Тогда Локшину не приходило в голову, что Ольга могла иначе, чем с горечью, с недовольством, с обидой встретить это сообщение. Если бы он внимательно вслушался в ее голос, он понял бы, что в ее удивлении сказывается некоторая нарочитость.

– Ну, конечно, у них ничего не выйдет. Мы не позволим… Кстати, – переменил он тему, сам не зная почему решив не рассказывать Ольге подробностей собрания в МОСПС, – неужели ты думаешь, что Загородный прав?

– Милый, он всегда прав! Он больше, чем умница. Ты обедал? – И, не ожидая ответа, Ольга стала накрывать ид стол.

Глава шестнадцатая

Одиннадцатый номер

Улица встретила Локшина пестроголосицей суетливой толпы. И хотя на улицах было чуть люднее обычного и хотя один только раз услыхал он оброненную кем-то фразу об искусственном солнце, ему казалось, что город взбудоражен и взволнован. Ему мерещились недовольные, рассерженные лица, всюду он видел неприметного умноженного до бесконечности человека в кепке и рядом с ним вездесущего лилового старичка с брезентовым портфелем.

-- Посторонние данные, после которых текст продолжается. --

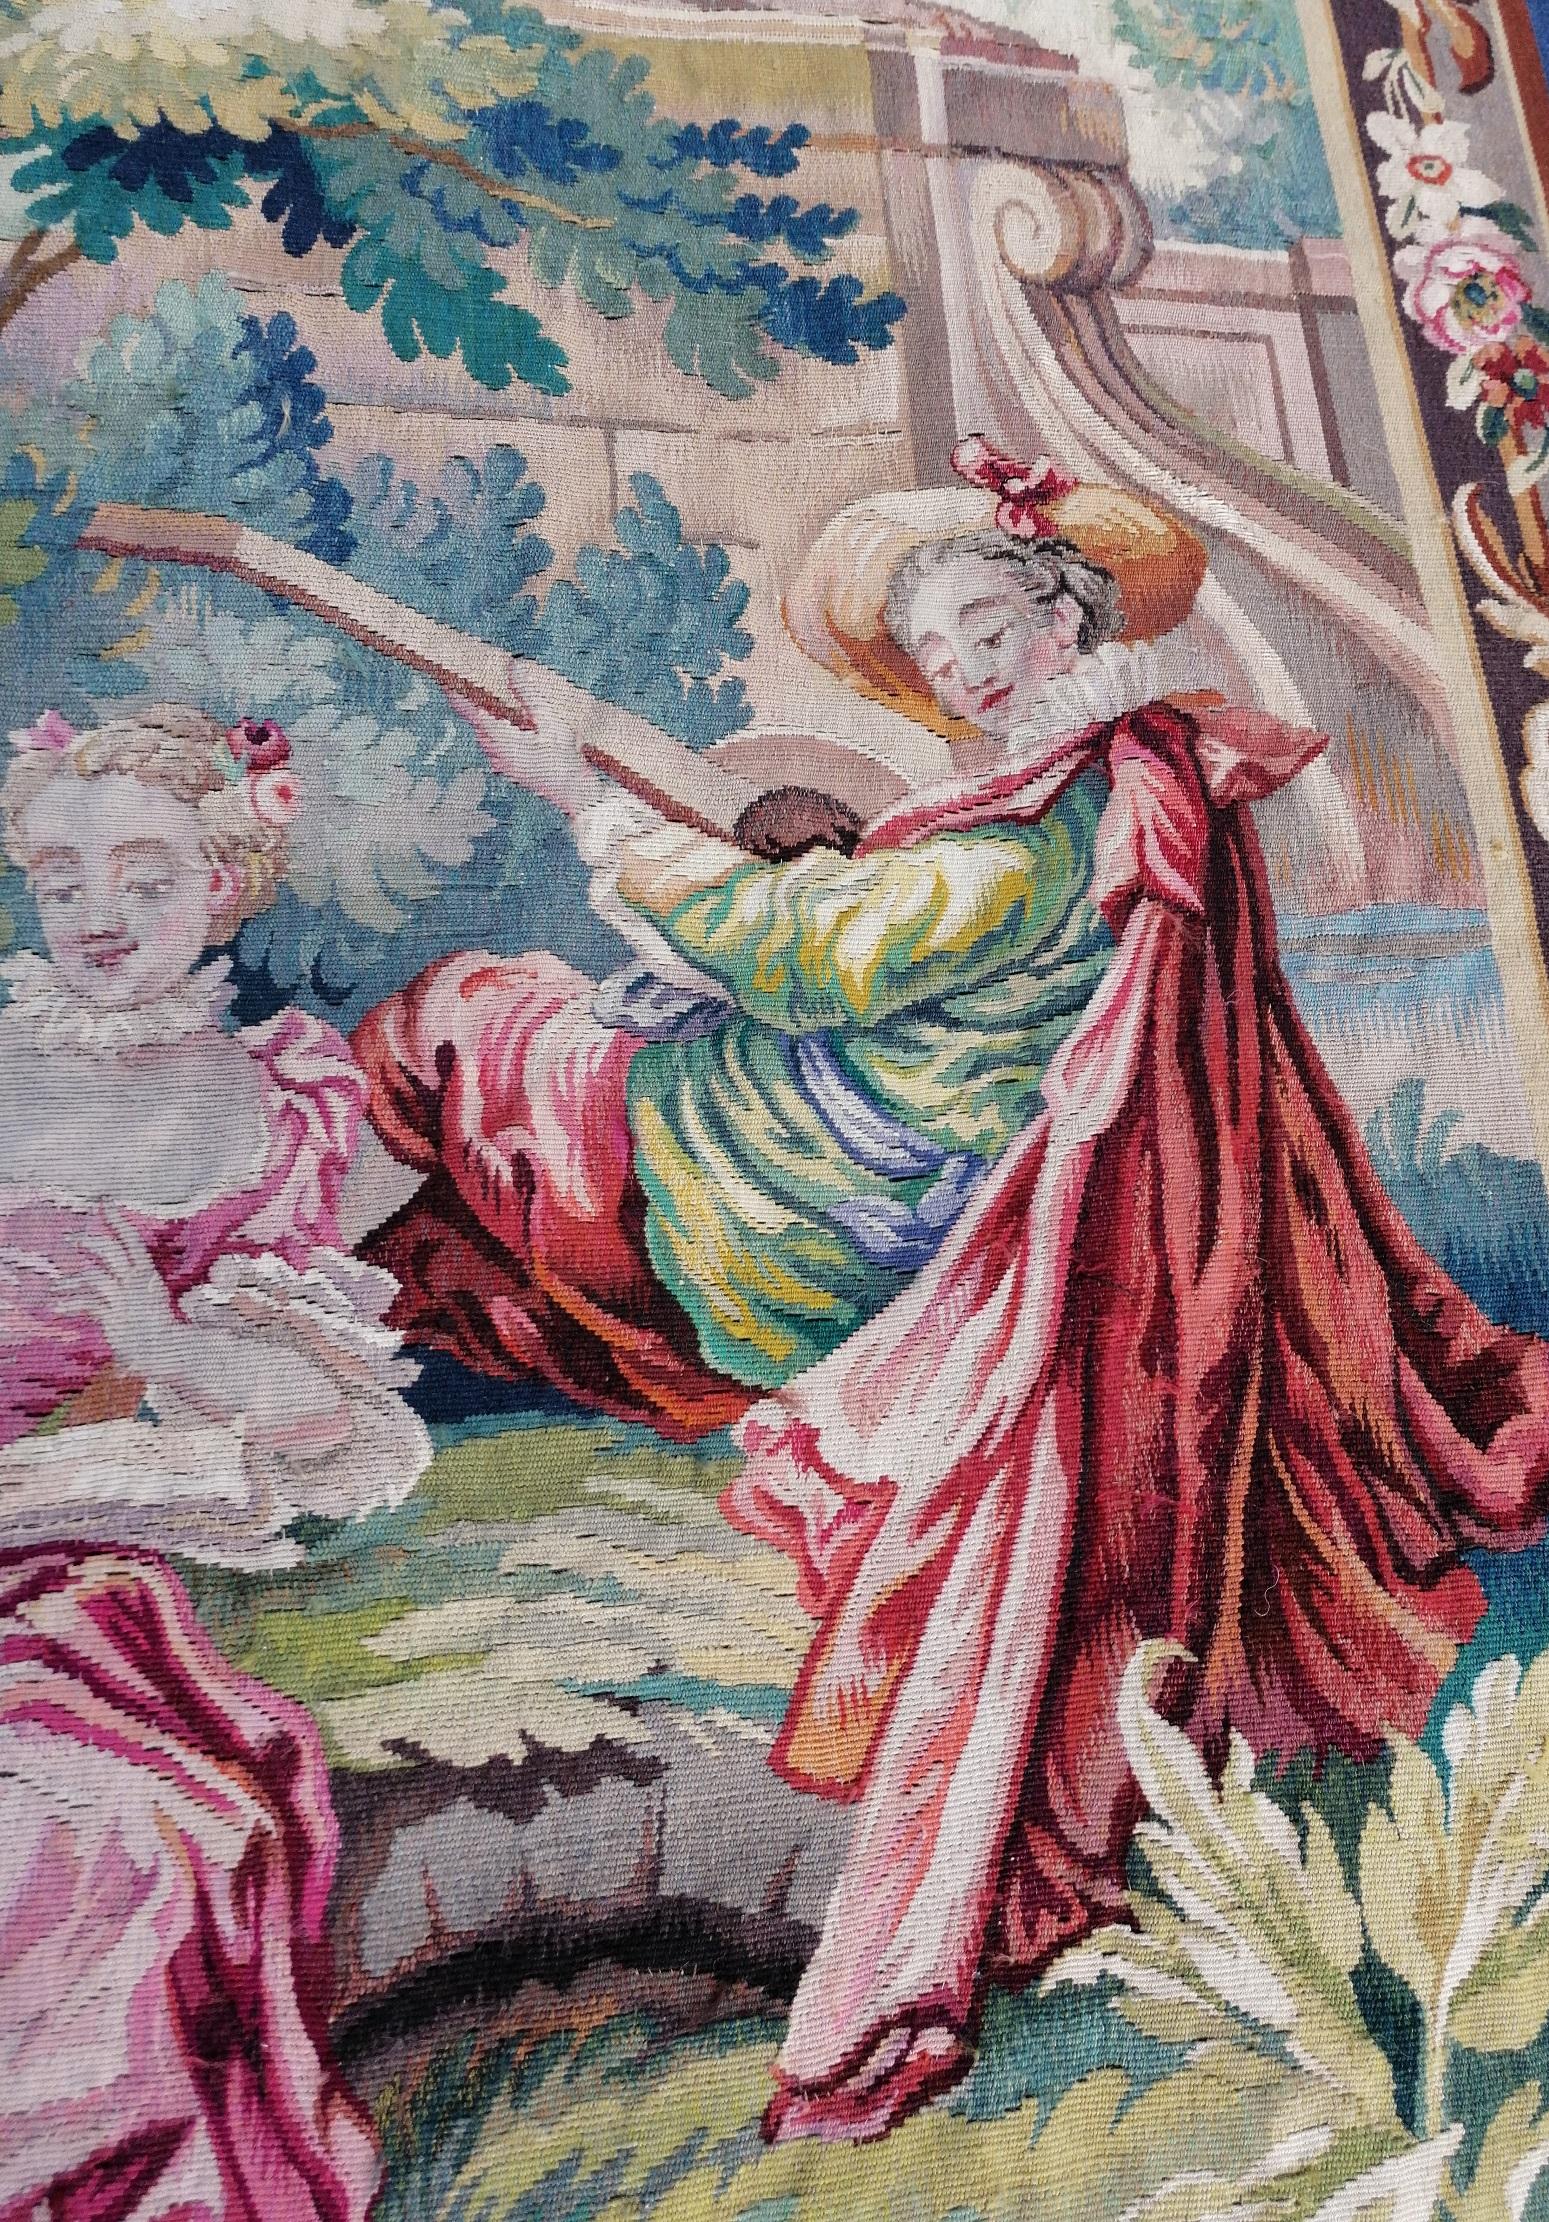  19th Century Aubusson Tapestry - N° 1060 For Sale 2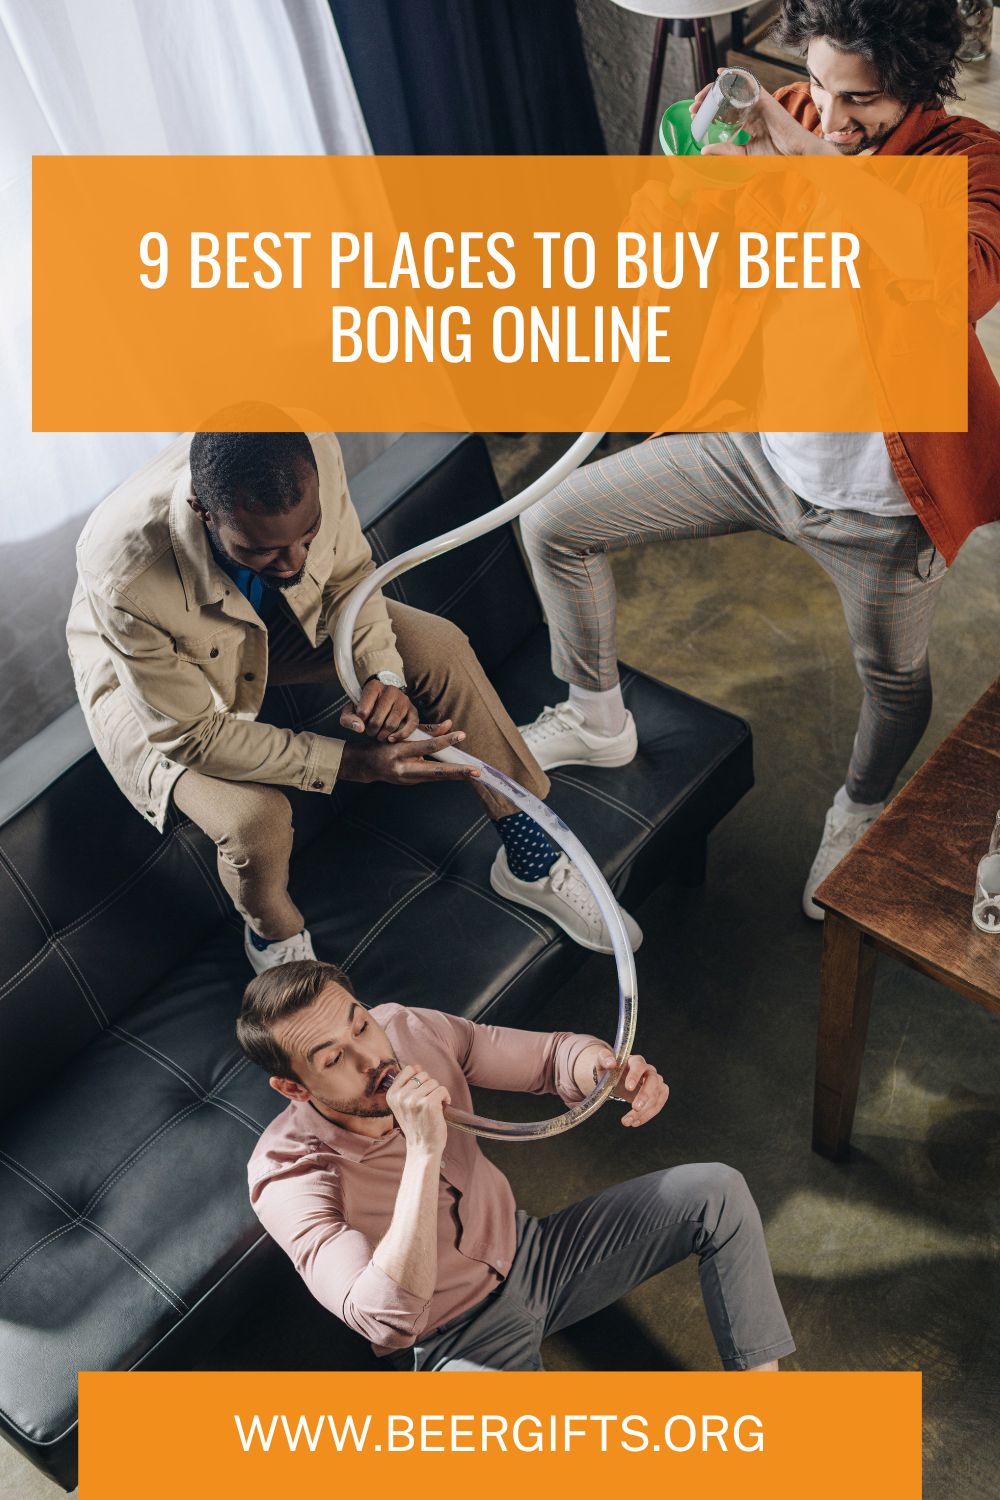 9 Best Places to Buy Beer Bong Online1

– Доигрались, – встретил его возбужденно фыркающий тесть, – каторжные времена устраиваете.

И, не дав Локшину раздеться, яростно схватил его за рукав пальто.

– Говорят, декрет вышел, чтобы не спать больше. Всю Россию разворовали, а теперь на них по ночам работай. Солнце строят! Это как же, по карточкам, что ли, солнце выдавать? А если я кустарь – значит живи без солнца. Или солнце по второй категории?

– Да ну тебя! – раздраженно оборвал его Локшин.

– Не любишь правды? И я-то хорош – не видал, за кого дочь отдаю. Ты что ж это. В главные пакостники у них нанялся?

– Оставьте его, панаша, – враждебно сказала Женя, – и без того тошно. Соседи проходу не дают. Вы как же, говорят, Евгения Алексеевна, рожать будете – в три смены или только в две. Муженек-то ваш давно уж на две смены живет. Комиссар!

– Комиссар! – подхватил тесть. – Все они мастера по женской части на три смены работать.

Локшин оторвался, наконец, от хватающего его за рукав тестя, взглянул на заплаканное лицо Жени и с неожиданным для себя бешенством сказал:

– А идите вы все к чёрту…

И уже не думая ни о чем, задыхаясь от внезапной злобы, резко хлопнул дверью.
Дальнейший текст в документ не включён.